Florida Power and Light responded to the allegation, claiming Hoffman's suit was "self-motivated".

==Ecology==
The site is home to a large wildlife preserve.

Turkey Point has been a contributing force to the reclassification of the American crocodile from endangered to the less serious category of vulnerable, due to the habit and nesting grounds created in the cooling canals.

===Cooling canals===
Instead of a cooling tower, the plant has a large five-by-two mile (10 sqmi) network of canals covering nearly 6,000 acres. Several problems have arisen from this, including pollution of nearby national parks or water supply, particularly the Biscayne Aquifer, issues with overheating, and radioactive material. Overheating in the canals twice caused the plant to shut down reactors in 2014. In September 2016, a controversial cleanup process began that included injecting hypersaline water deep into the boulder zone beneath the aquifer and/or making some of the unlined canals more shallow. 600000 lbs of salt gets into the canal system daily, and the saltwater contamination reaches 4 mi west of the system, possibly as far as Biscayne Bay.

==Seismic risk==
The Nuclear Regulatory Commission's estimate of the risk each year of an earthquake intense enough to cause core damage to the reactor at Turkey Point was 1 in 100,000, according to an NRC study published in August 2010. The plant is located in an area with the lowest earthquake hazard potential described by the USGS.

==Reactor data==
The Turkey Point Nuclear Generating Station consists of two operational reactors, and two additional units are planned.

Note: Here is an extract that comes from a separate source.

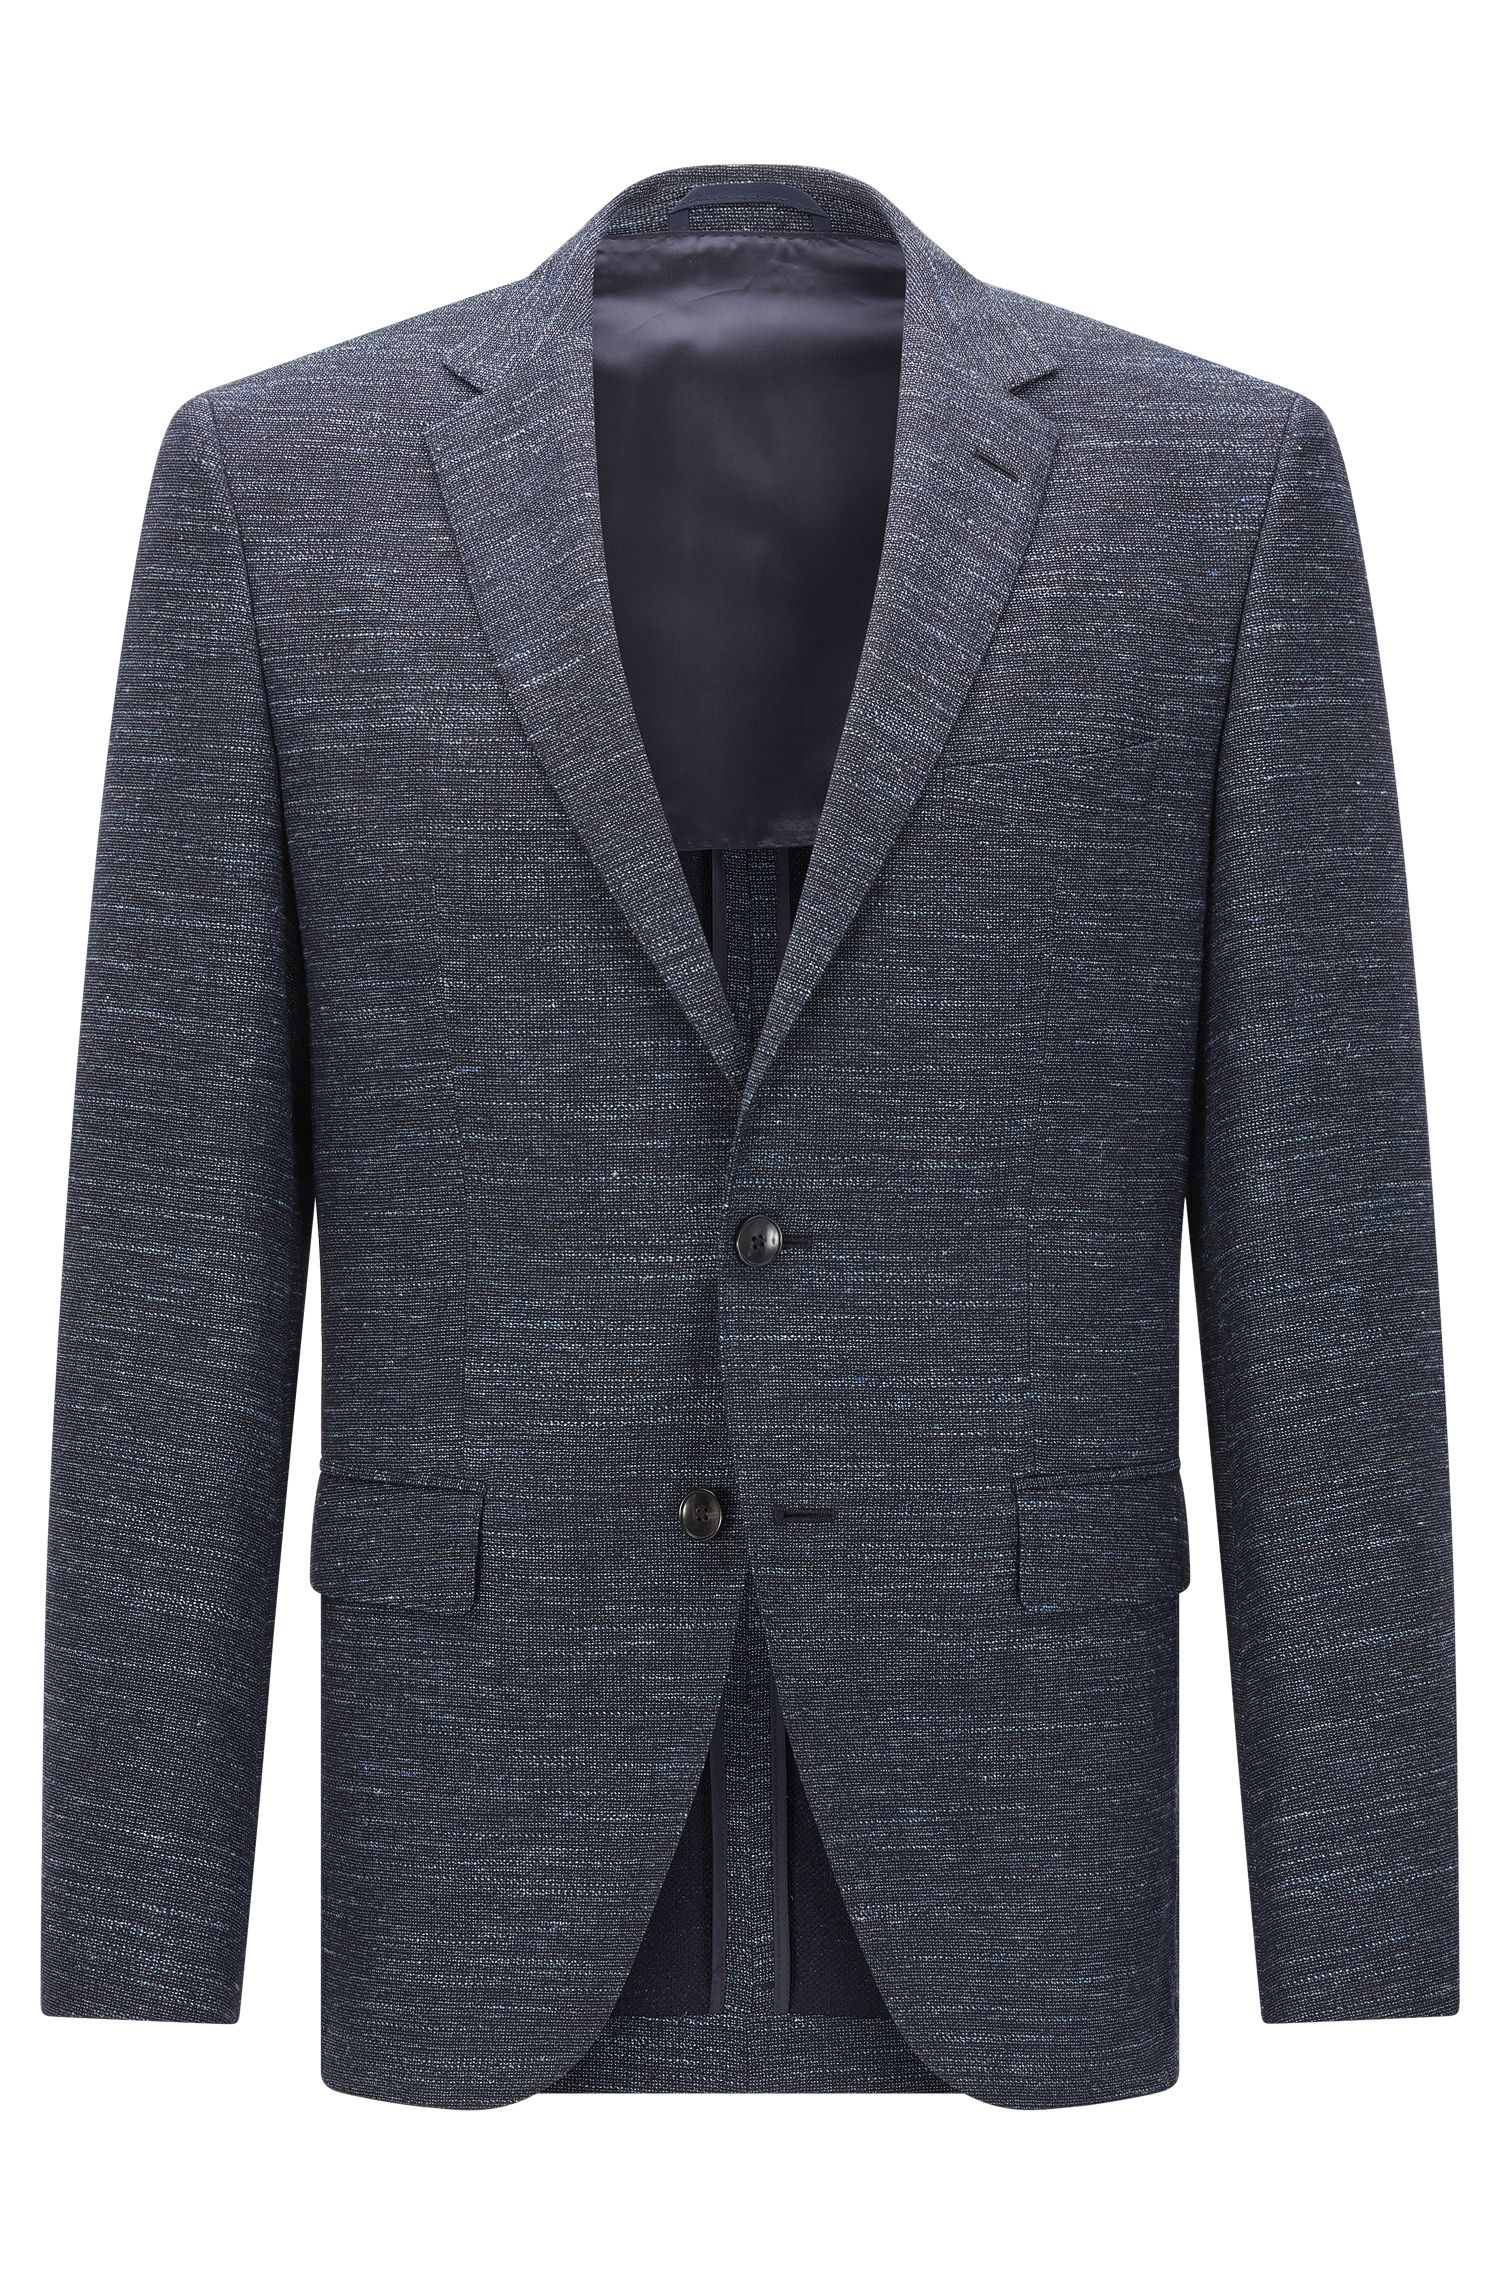 'Jestor' | Regular Fit, Virgin Wool Cotton Linen Sport Coat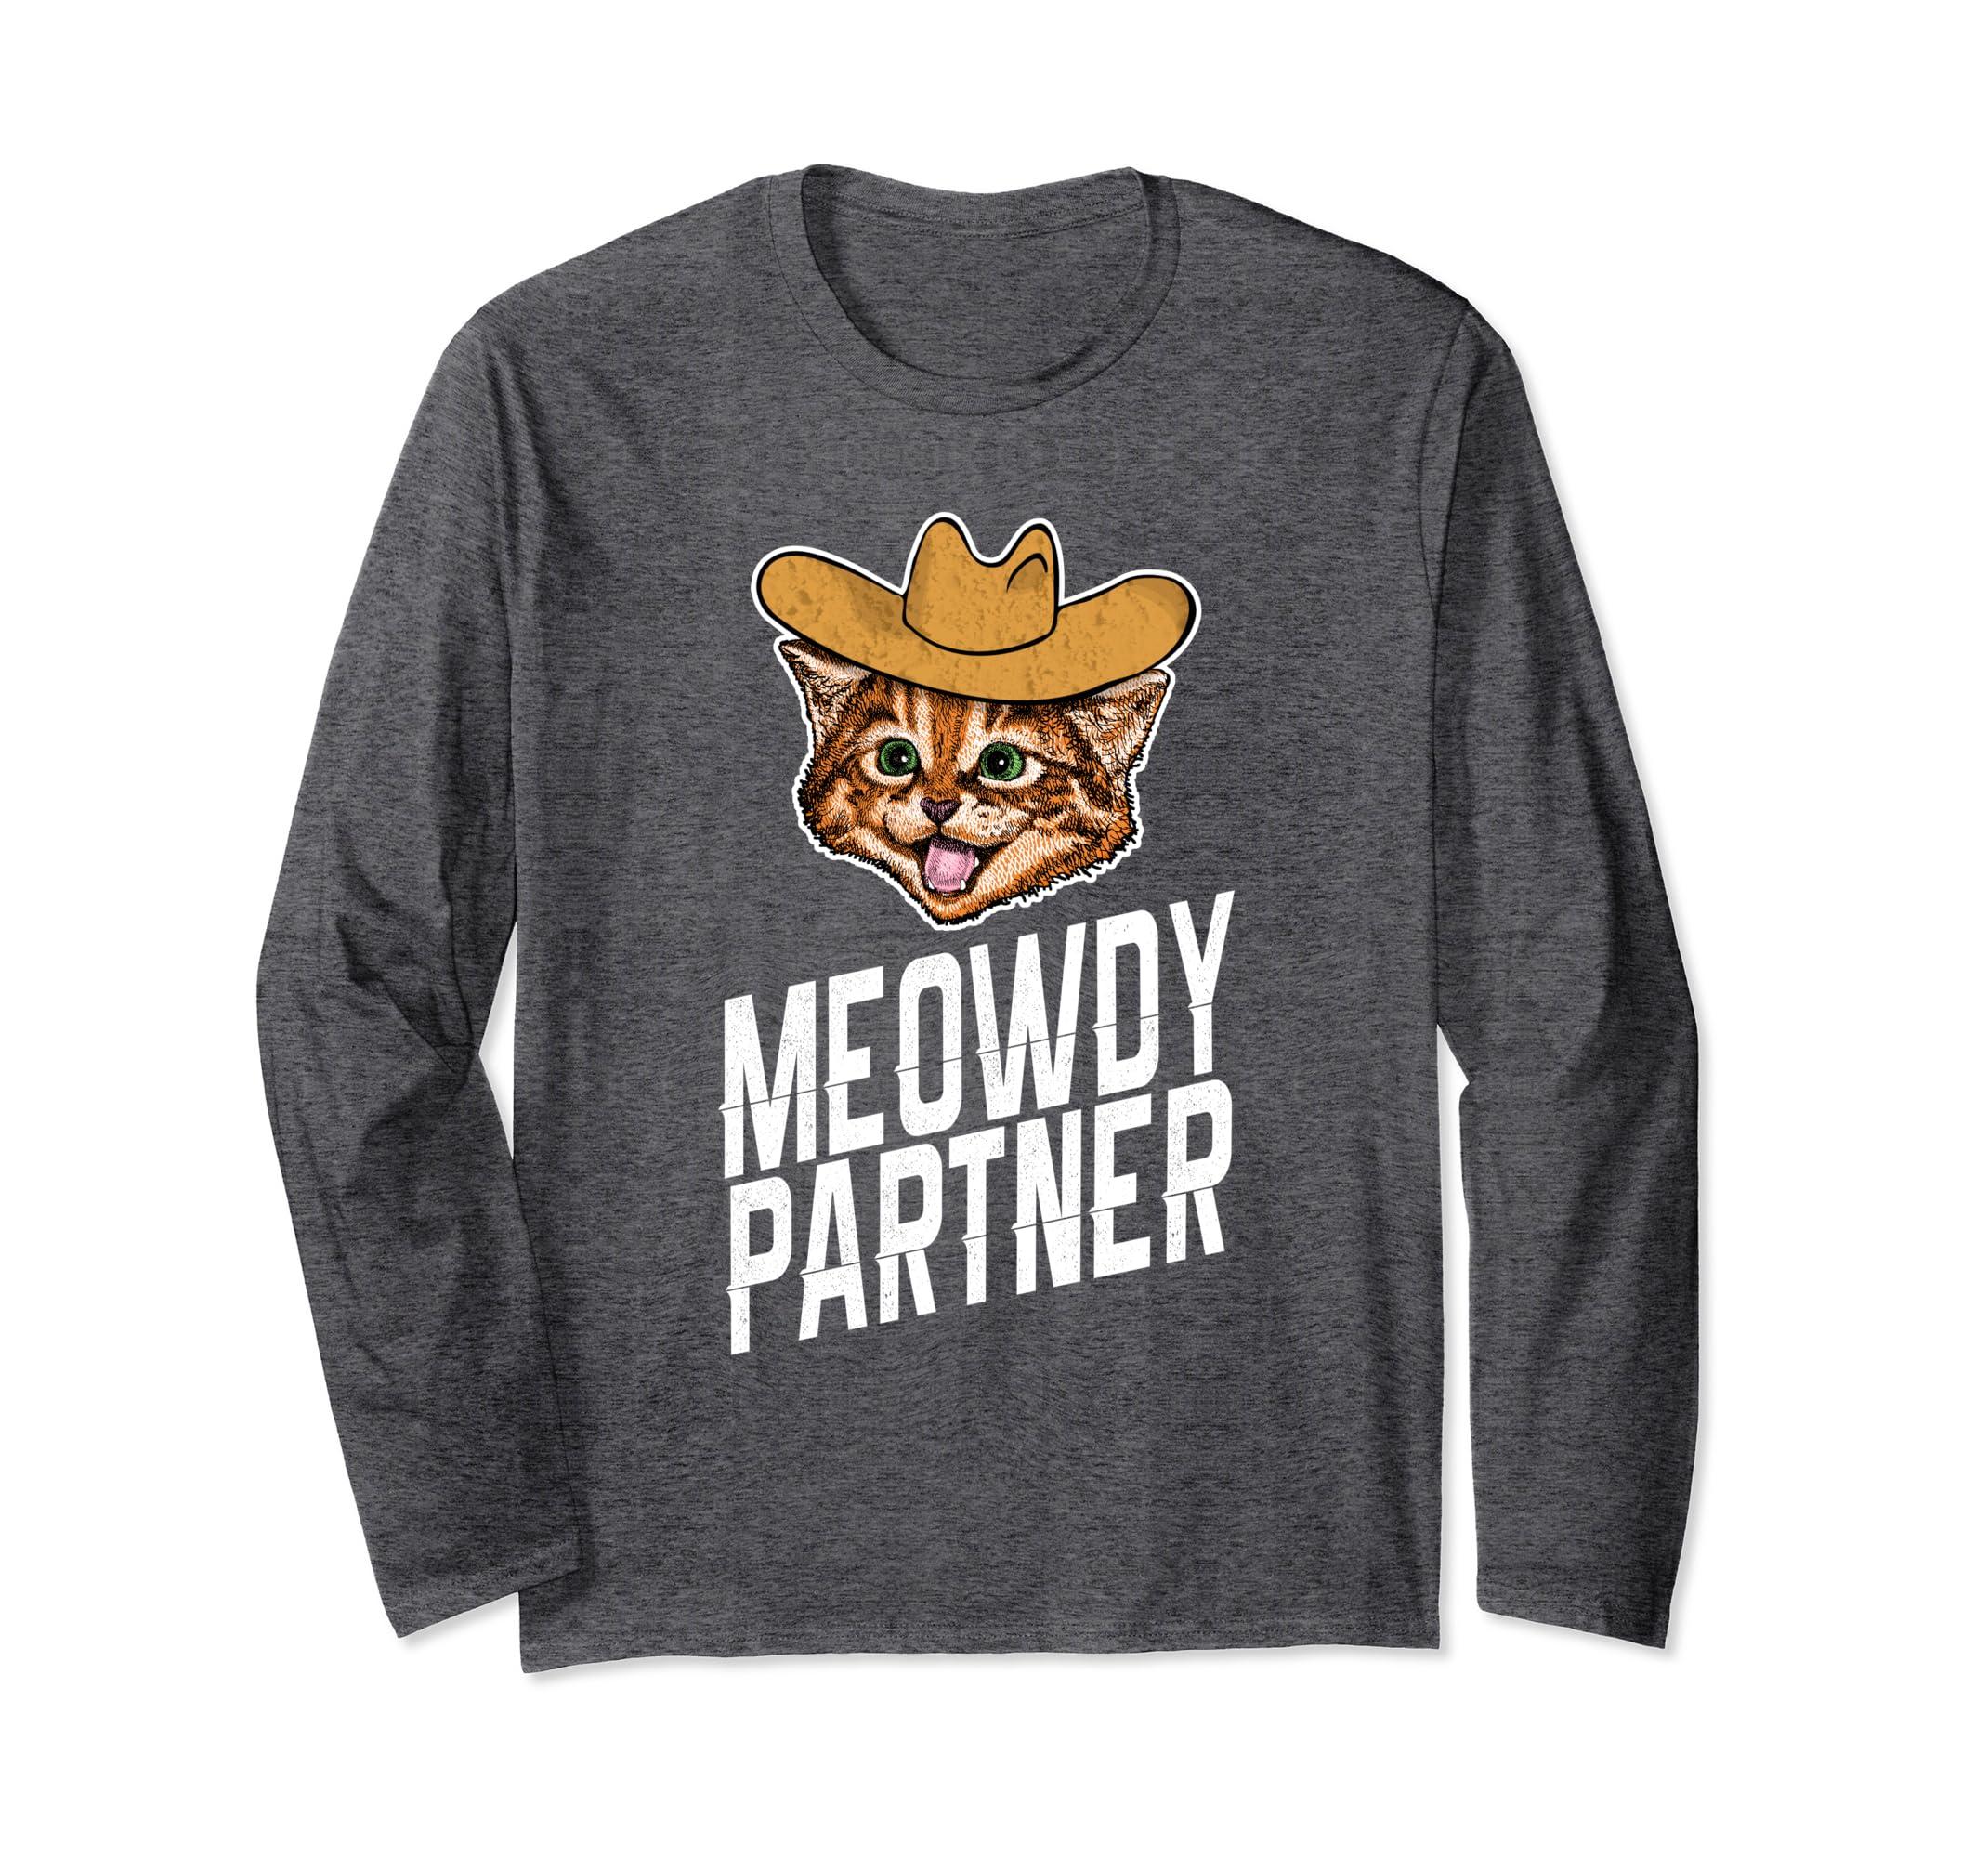 e5ffdbf9e3 Amazon.com: Meowdy Partner Cat Long Sleeve Shirt , Funny Western Cowboy:  Clothing

| Reactor unit | Reactor type | Capacity(MW) |  | Construction started | Electricity grid connection | Commercial operation | Shutdown |
| Net | Gross |
| Turkey Point-3 | Westinghouse 3-loop | 693 | 729 | 27.04.1967 | 02.11.1972 | 14.12.1972 |  |
| Turkey Point-4 | 21.06.1973 | 07.09.1973 |  |
| Turkey Point-6 (planned) | AP1000 | 1117 | - | Licensed |  |  |  |
| Turkey Point-7 (planned) |  |  |  |

In 2019 the Nuclear Regulatory Commission (NRC) approved a second 20-year licence extension for units 3 and 4, the first time NRC had extended licences to an 80-year total lifetime.
== Name ==
Speculation about the name Turkey Point, first known written reference in 1865, suggests that it is because of the presence of the anhinga.